Student veterans reflect on Iraq War

Five years ago, Brandon Day was fighting for a war that he now says is unjustifiable and wrong. Day spent time questioning why he was in Iraq, but was never able to find the answer.

This year, the civil engineering sophomore and Iraq War veteran is protesting in hopes for an end to the war.

“I’ve been there, I’ve seen it and what I’ve seen is wrong,” Day said.

The fifth anniversary of the war in Iraq was Wednesday. For Day and others, the anniversary was a time of reflection.

Sept. 11 was motivation enough for Day to join the military. He said he was young and strong and figured he should fight for his country. Day started training shortly after the attacks and joined an infantry when he was deployed.

But he said the person he was while fighting in Iraq from 2005 to 2006 was not the same person he is today.

“Over there, you do what you’re told,” he said. “That’s what you have to do to survive.”

Day said going on raids and hitting people’s houses, villages or entire towns to look for weapons was a “joke.”

“It was so few times that we ever actually found anything that these people weren’t supposed to have,” he said.

Coming back for him was nothing more than a relief. Day said he was glad to be home, but wasn’t filled with extreme happiness and excitement.

“It’s just like thank God that’s over now,” Day said.

But during the first few months he was home, he couldn’t identify the emotional problems he was having. And although help and resources were available for Day, he decided not to use them.

“I never wanted to seek help because I had no faith that the army would be able to give adequate help,” he said.

A medic’s view

A school had just let out when al-Qaida forces blew up a crowd about a mile off the Al Taqaddum base where Derek Teed was stationed.
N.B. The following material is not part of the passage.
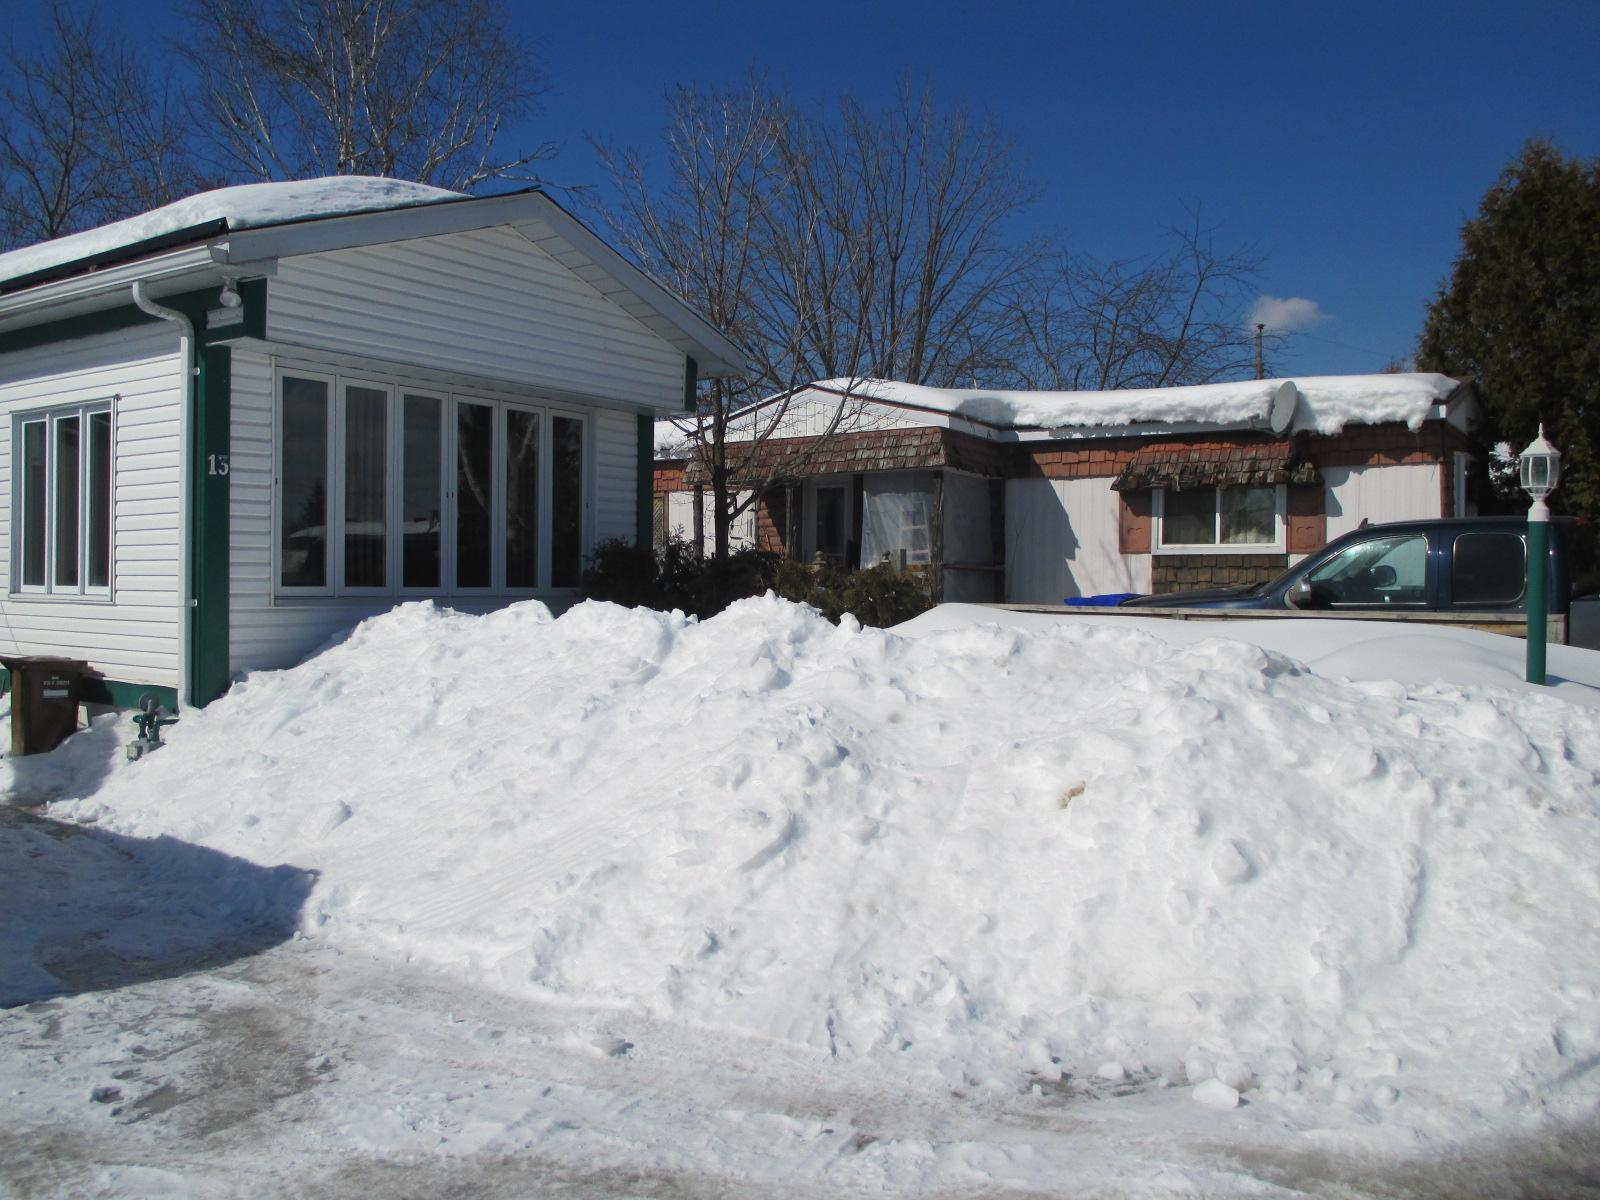 Chez-moi, on a un peu de neige, hahaha.

Teed’s base received casualties from the incident that killed about 45 people, he said.

The global studies sophomore was a medic who was responsible for transporting blood donors to the trauma center, while soldiers on his squad were trying to save “little boys from bleeding to death,” he said.

“It’s funny, al-Qaida blows up all the civilians and the American soldiers are the people trying to save them,” he said.
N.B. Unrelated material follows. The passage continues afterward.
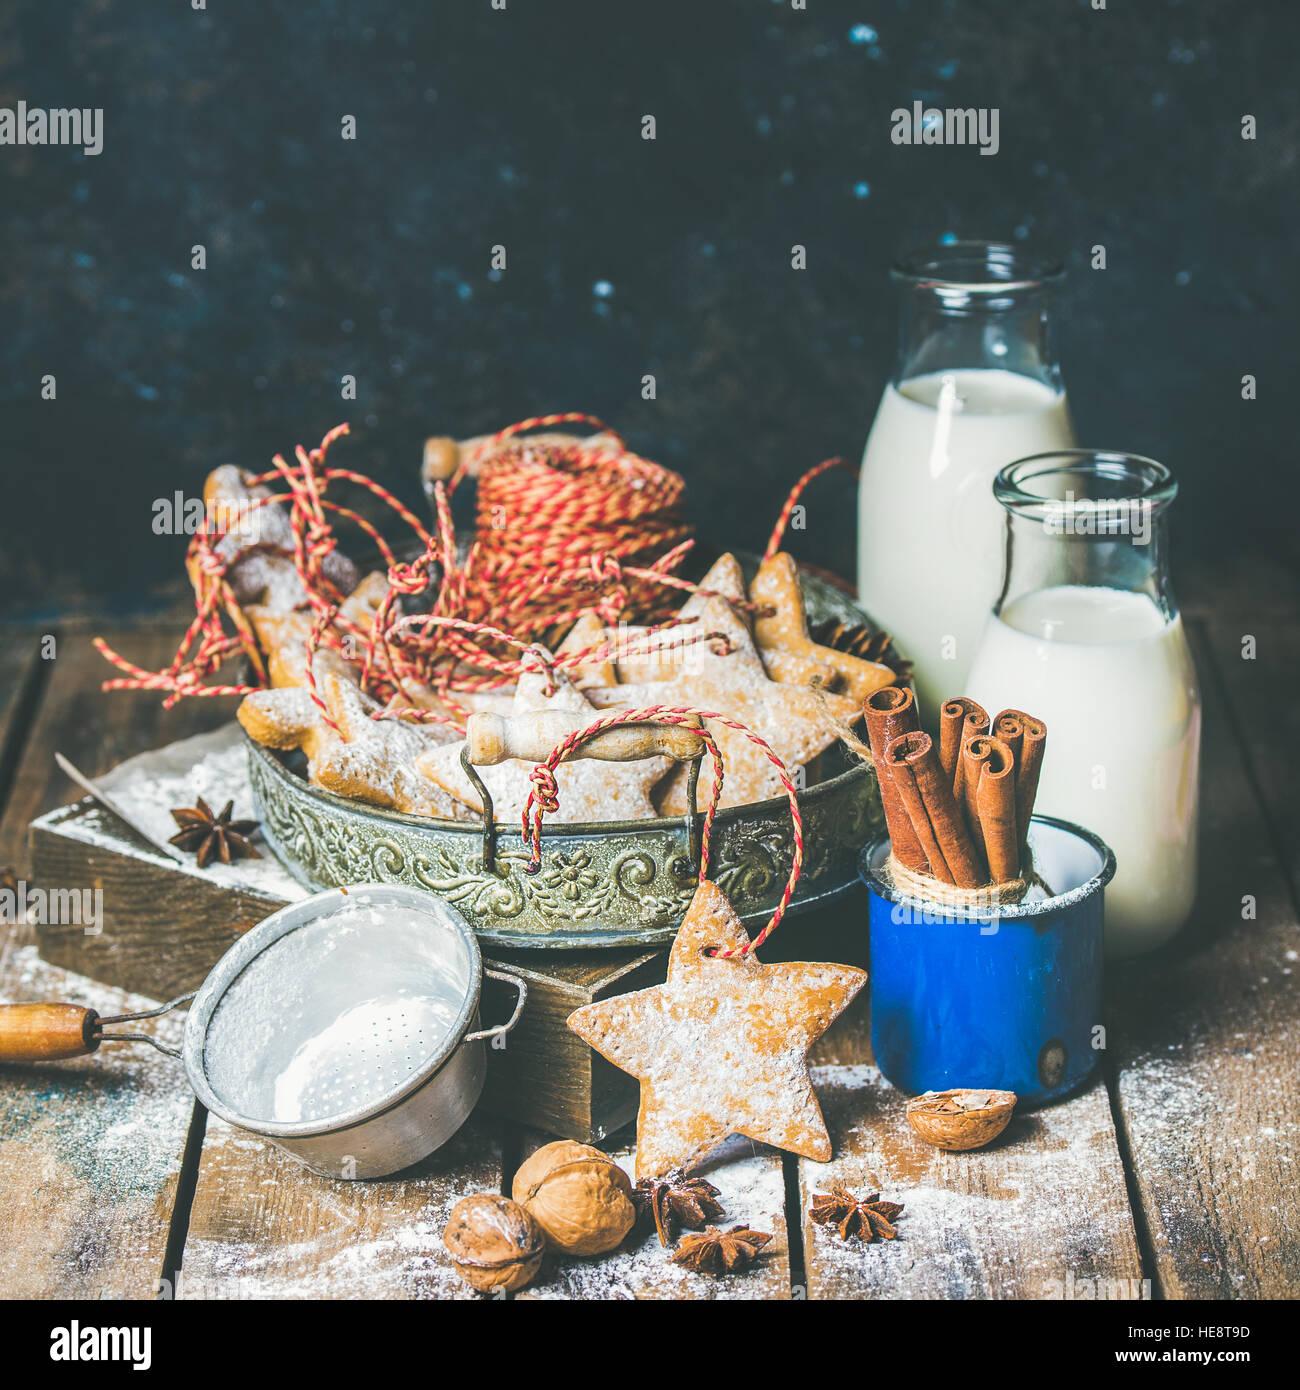 Fiestas Navideñas galletas de jengibre en bandeja vintage, leche en botellas Imagen De Stock

Teed was stationed about 46 miles west of Baghdad in Al Taqadum for approximately 13 months.

He believes he wasn’t fighting for the United States, but for Iraq.

“When people say ‘thanks for serving our country,’ I say ‘I didn’t really serve our country, I served Iraq,’ ” he said.

As a medic, Teed said what he saw was limited, but said U.S. soldiers are doing their best to save Iraqis from the violence of al-Qaida.

“They murder people. They come to town, they shoot people in the head and leave,” Teed said.

He said he was fighting for humanity, not for any country in particular.

Teed added that it’s a burden on the United States to have to keep sending troops to Iraq, but he’s not sure if the security forces are good enough for a pullout.

“There is a lot of good people there,” he said. “I hope for the best.”

On-campus resources

At 21 years old, Teed is only a sophomore. He could have been graduating this year had he not left for Iraq.

The University Veterans Advisory Committee is formed of members from various departments on campus to facilitate dialogue between students and their instructors.

Carin Anderson, committee member and One Stop veterans’ coordinator, said as a veteran herself, she knows what it’s like to be out of school for a while and have to come back and readjust.

“We try to make sure they have a really good transition from military member to student,” she said.

Anderson was activated in the Wisconsin National Guard and was one of the first members to go to Iraq. She said she had to leave three days after her activation.

One of the things the committee helps students with is receiving credit for courses they are enrolled in when they suddenly get deployed, Anderson said.

She added that many student veterans experience post-traumatic stress disorder when they return, so health benefits are also available for student veterans at Boynton Health Service.

An election year

Women’s studies sophomore Tracy Molm said it’s important to mark the anniversary since it’s an election year.

“It’s ridiculous this war has gone on as long as it has,” she said.

Funding a war that she thinks is unjustifiable causes a burden on students with loan and debt money, Molm said.

As a member of the Students for a Democratic Society, Molm is an organizer of an anti-war protest that will take place on campus this Friday to mark the anniversary.

Day said he thinks the war is about corporate profit and power, not about terrorism.

“That’s where the money is,” he said. “This isn’t about terrorism, it never was about terrorism in Iraq.”